Thursday, April 1, 2010

I don't want to think about it!

Jada had another appointment with Dr. O this morning.

Her EKG results were normal but no word yet on the EEG. I know Jada has sleep issues. I feel her twitches and movements. I saw the brain waves going all over on the graph during the EEG. I don't want to know what it means. But is it weighing heavily on my mind and heart. I can't stop thinking about the what ifs, what if there is something else wrong, what if the mood instabilities are just a symptom of some greater issue. We should know today. Depending on what the results show, an MRI might be scheduled to look for "masses" or brain structure problems. I don't want to think about it.

Dr. O was reluctant to label Jada's symptoms as anything during our last appointment because it was also our first. But today, she actually said bipolar disorder. So that is that. Three doctors. Same opinion. I wasn't surprised by this.

With that in mind and the fact that Jada's aggressiveness is slowly escalating, Dr.
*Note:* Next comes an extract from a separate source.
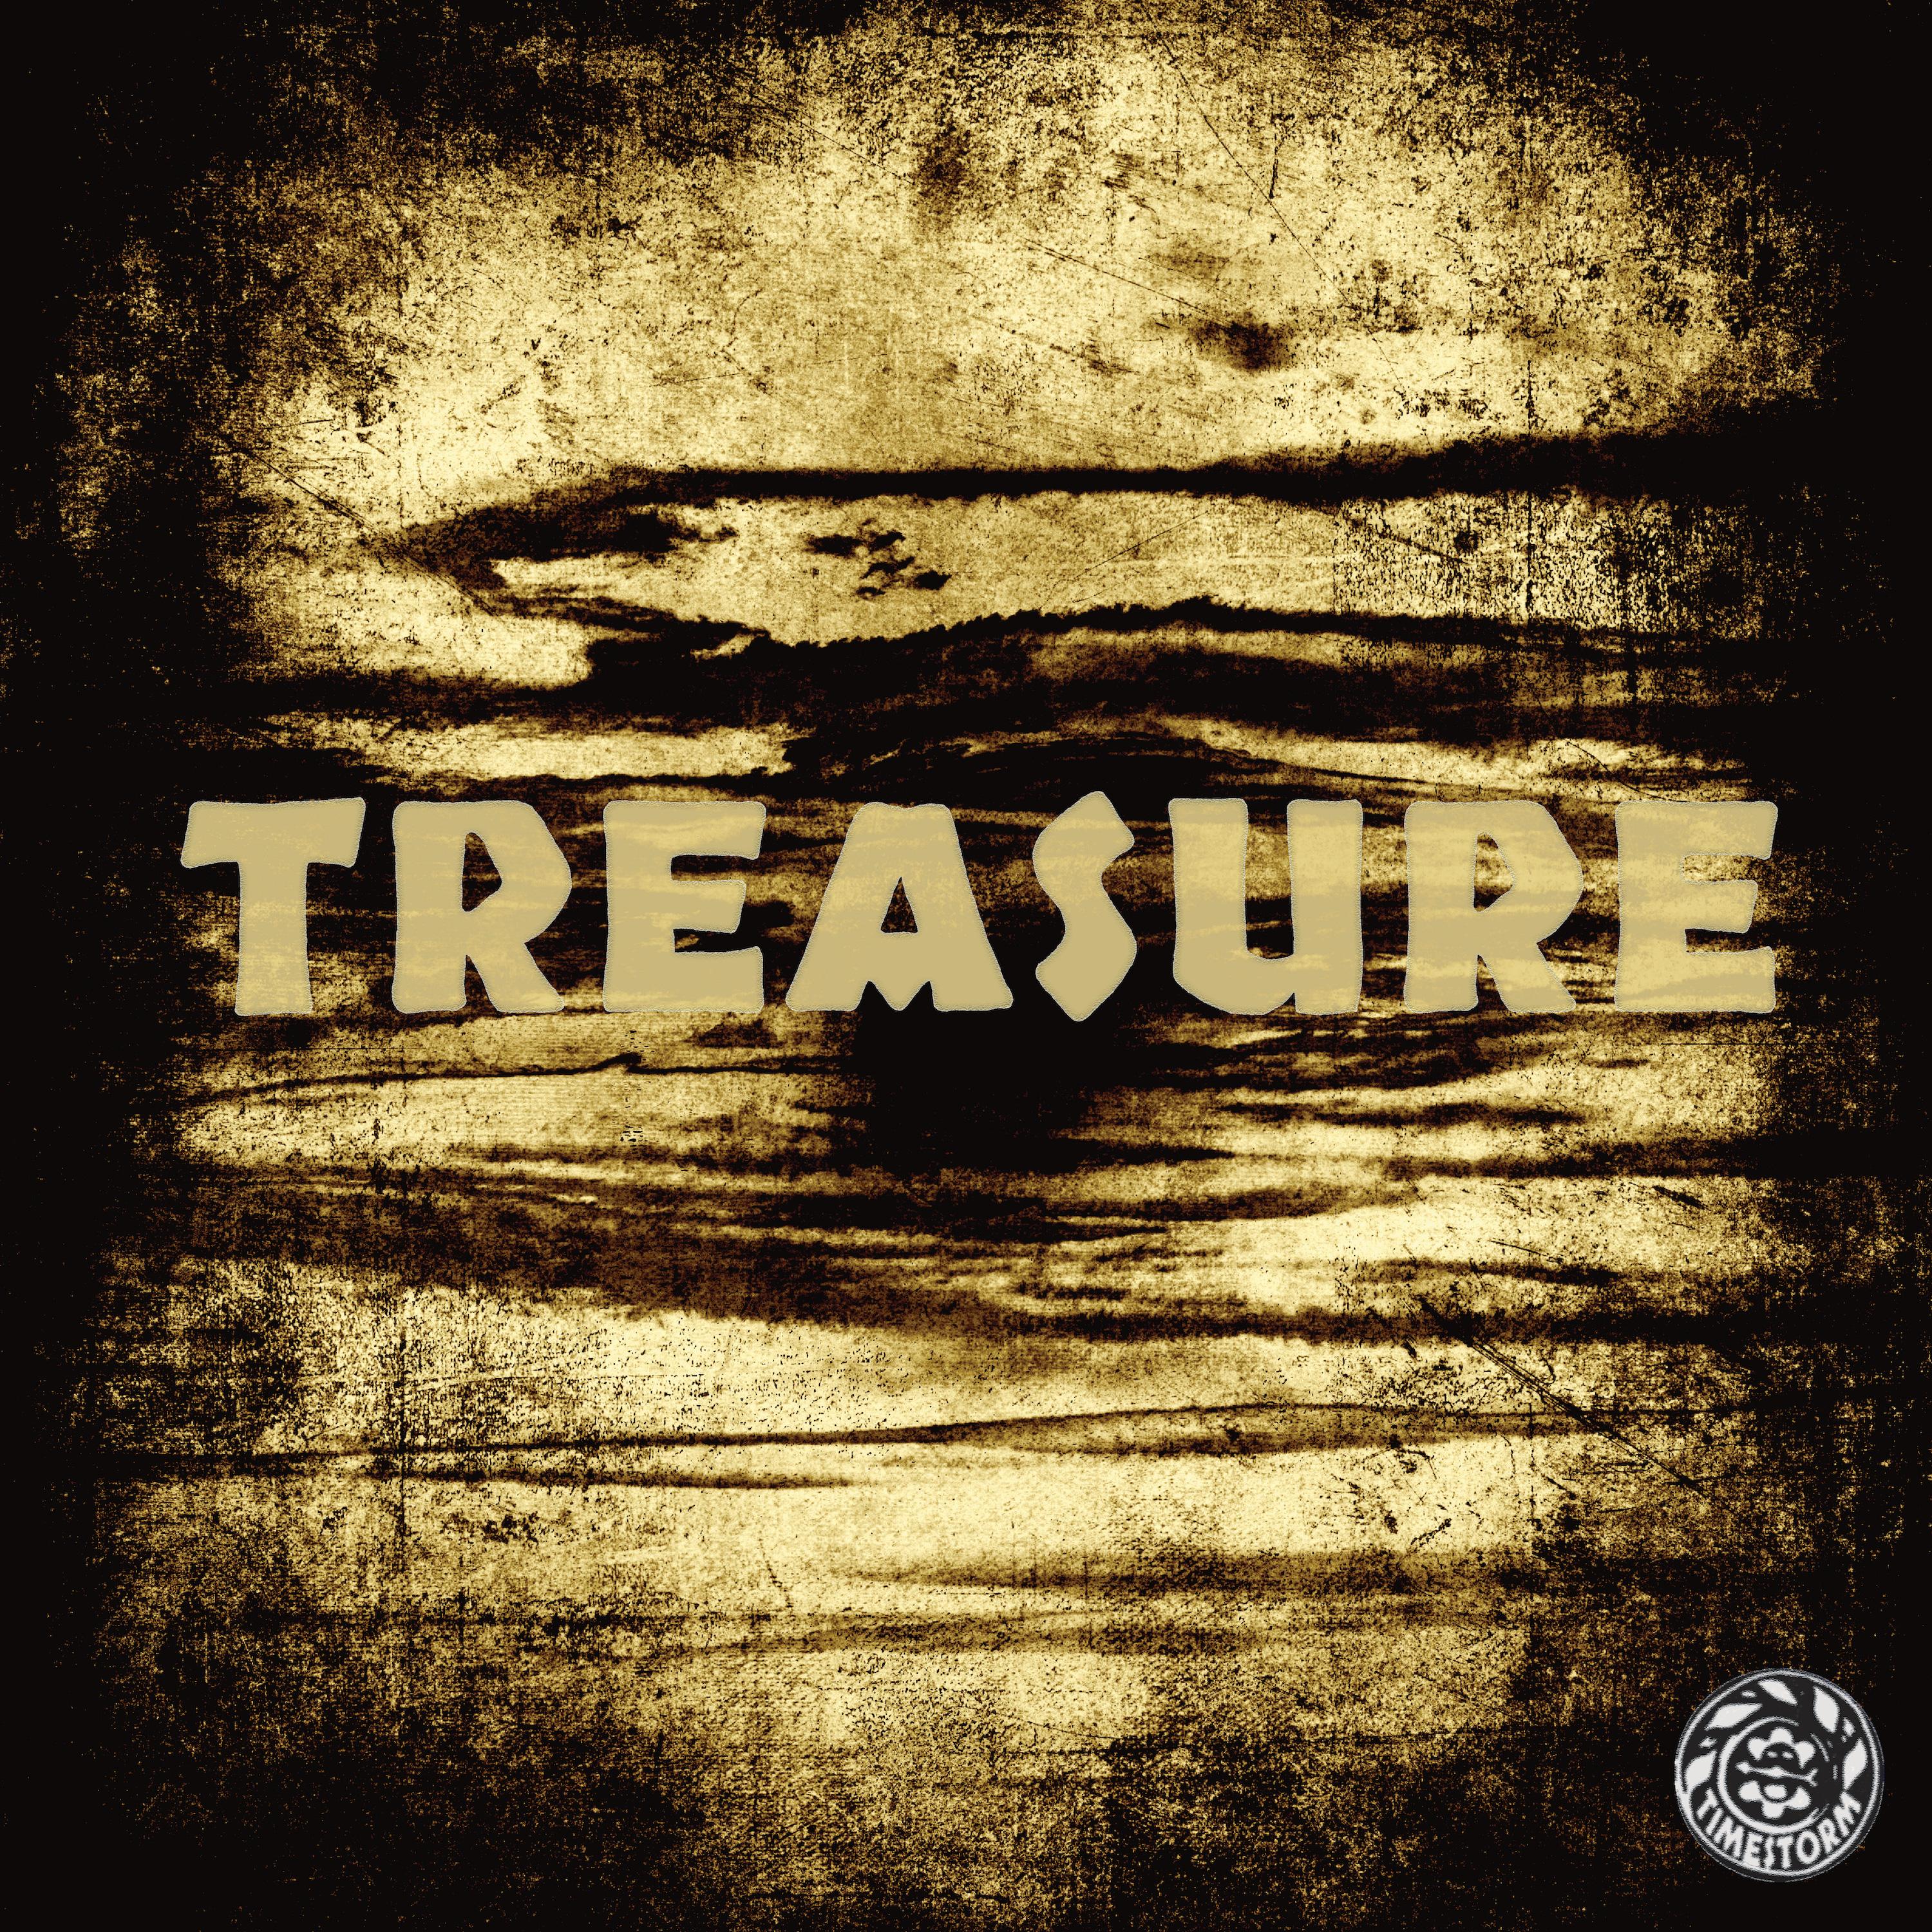 Thumbnail for "Special: Treasure".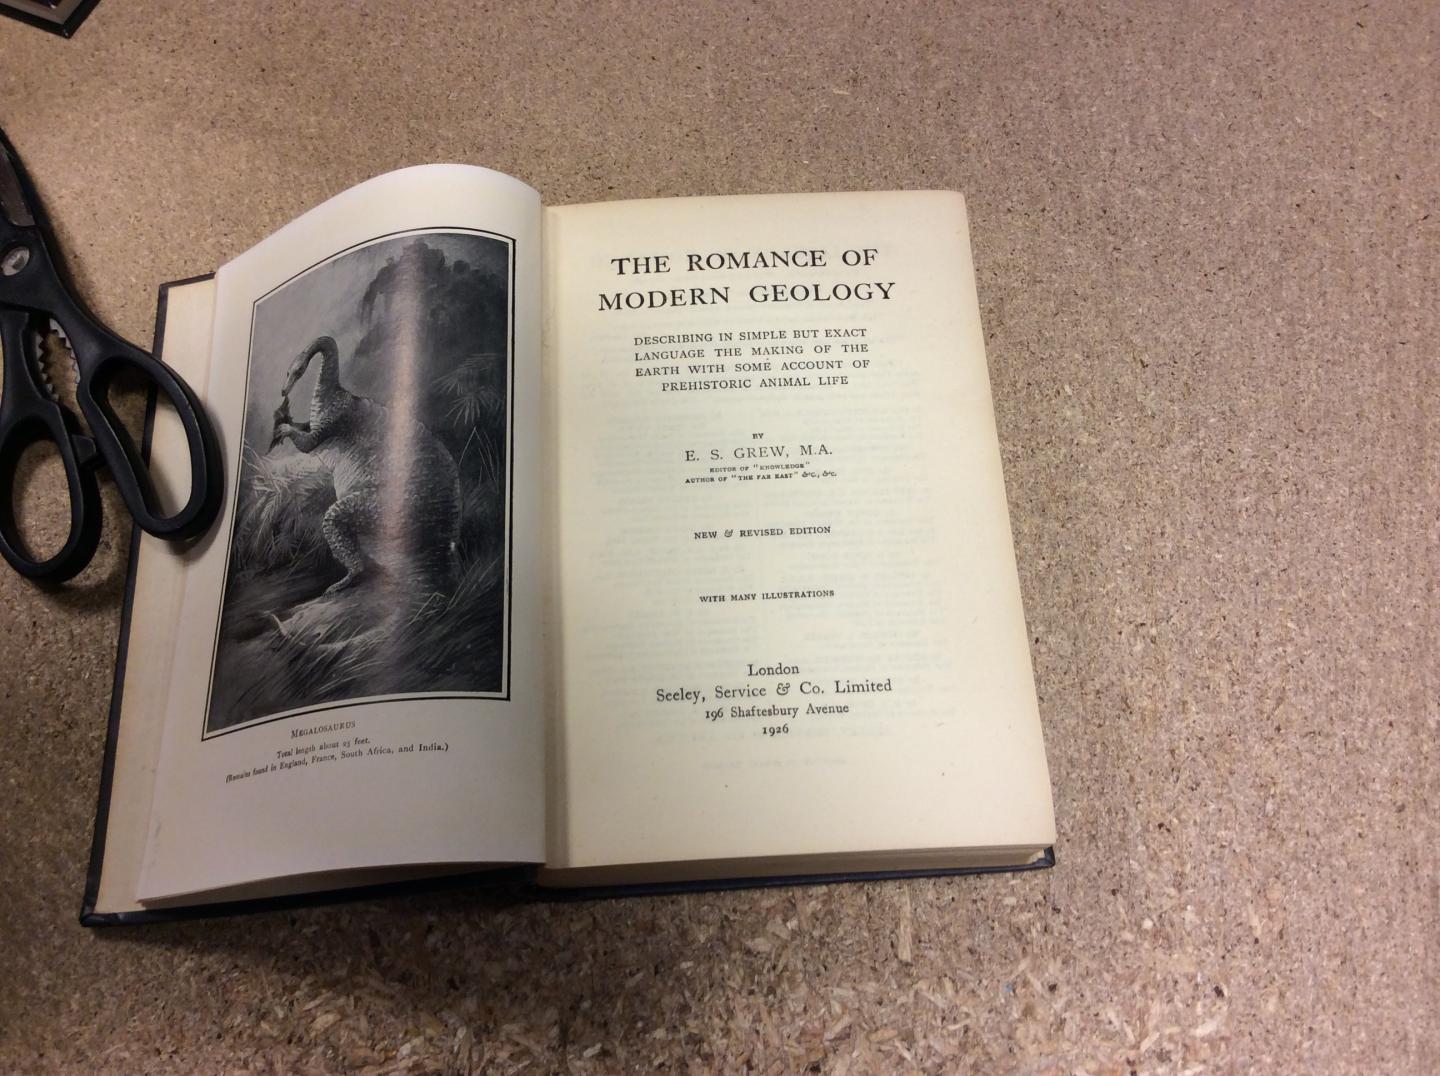 Grew, Edwin S. - The Romance of Modern Geology Describing in Simple But Exact Language the Making of the Earth, with Some Account of Prehistoric Animal Life

O wants Jada to add a new medication to her daily regime. She added Ambilify which is used to treat pediatric bipolar disorder which will be added on to her Depakote (mood stabilizer) and Strattera (ADHD). Of course all medications come with their fair share of side effects. I know this. But Ambilify's side effects aren't just the usual make you tired or nauseous kind. One of the side effects is elevating your blood glucose. Of course, the trial that was done was done on people without D so I have no idea how this will effect Jada. Dr. O is aware of Jada's D so she must feel like the benefits outweighs the risk but D will have to be monitored more closely (as if every two hours wasn't enough already). So I don't want to think about that either. She will start it tomorrow so then we have four days before she heads back to school to see how things go.

I also don't want to think about the fact that Jada wanted to throw her shoe at Dr. O for no reason. Jada is just so wound up when it comes to her. She wouldn't talk to her last visit and today she wanted to throw a shoe at her.

But I am worried.

I don't want to think about elevating blood sugar levels. I don't want to even think about having to look for a brain tumor. I don't want to think about the fact that my child can't be worry free and has so much anxiety. I don't want to think about how she can't handle her frustration without lashing out at someone or something. I don't want to think about any of it.

3 comments:

Taz's Mama said...

i completely understand. there are many things i don't want to think about. i posted my worst fears on my blog but the reality is, i hate thinking about all the what if's. it felt good to get it out there and then let go of it. because i have to expect Taz to succeed even if just to get through it all. i'm so sorry you have so much on your plate right now. poor jada! i hate to say that i hope jada has bipolar but i sure hope she doesn't have a brain tumor! good luck in the next few days sorting everything out.

Reyna said...

Thinking of you and Jada this weekend. (((HUGS)))

Wendy said...

Praying for you, my friend. Please keep us posted on everything!